Chanel to moim skromnym zdaniem jedna z najbardziej
kuszących marek na rynku. Nie mam zbyt wielu ich kosmetyków, ale wszystkie,
które posiadam absolutnie mnie zachwycają. W wiosennej kolekcji najbardziej
urzekł mnie właśnie słynny „kwiatuszkowy” róż Camelia (wszak nie na darmo
nazywają mnie różoholiczką).
W standardowym dla tej marki opakowaniu kryje się (niestety
pomniejszony ilościowo) pięknie tłoczony róż do policzków o subtelnym
różowo-koralowym odcieniu. Może kolor nie jest odkrywczy i unikatowy, ale
kosmetyk prezentuje się tak pięknie, że po prostu musiałam go mieć.
Camelia Rose daje piękny efekt na policzkach! Jaśniejsza
część daje lekko transparentne i rozświetlające wykończenie, natomiast
ciemniejsza jest znacznie mocnej napigmentowana (osobiście na dzień wolę używać jaśniejszego odcienia).
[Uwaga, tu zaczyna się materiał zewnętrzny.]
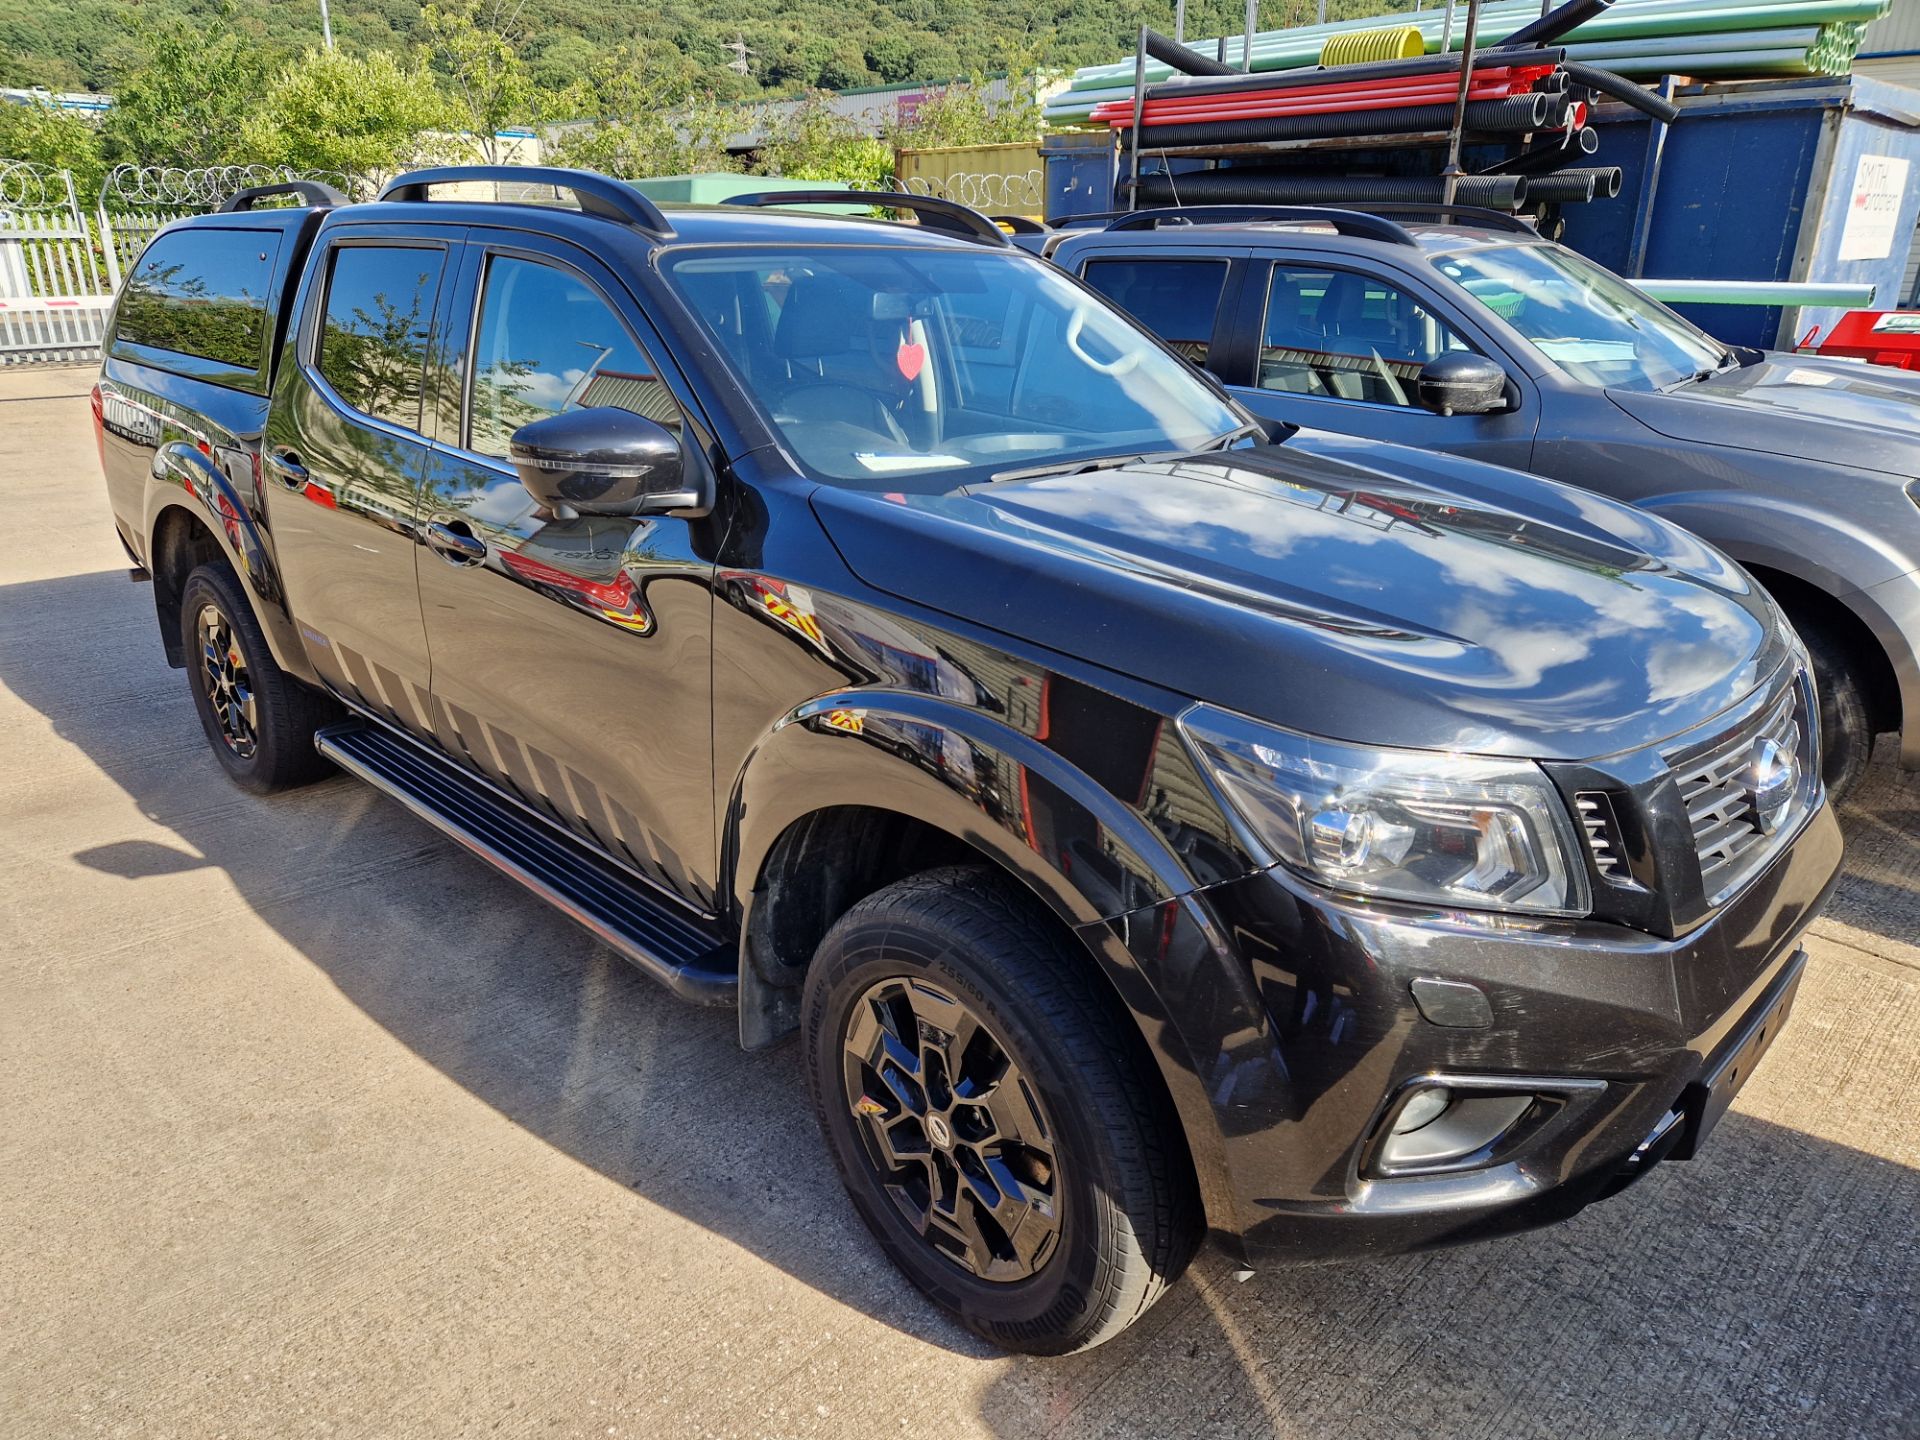 NISSAN Navara Special Edition N-Guard 2.3dCi 190 TT 4WD Auto Double Cab Pick Up, Registration No.

Całość prezentuje się iście
wiosennie i dziewczęco.
Nie żałuję ani złotówki wydanej na ten kosmetyk, wprost
uwielbiam go używać i bardzo się cieszę, że swego czasu dorosłam do używania
róży, które sprawiają, że wyglądam świeżo, zdrowo i promiennie.
Niestety obecnie róż z wiosennej kolekcji Chanel jest już
niedostępny, ale serdecznie polecam poszukać zamiennika, bo z pewnością uda Wam
się znaleźć coś podobnego w bardziej znośnej cenie :-)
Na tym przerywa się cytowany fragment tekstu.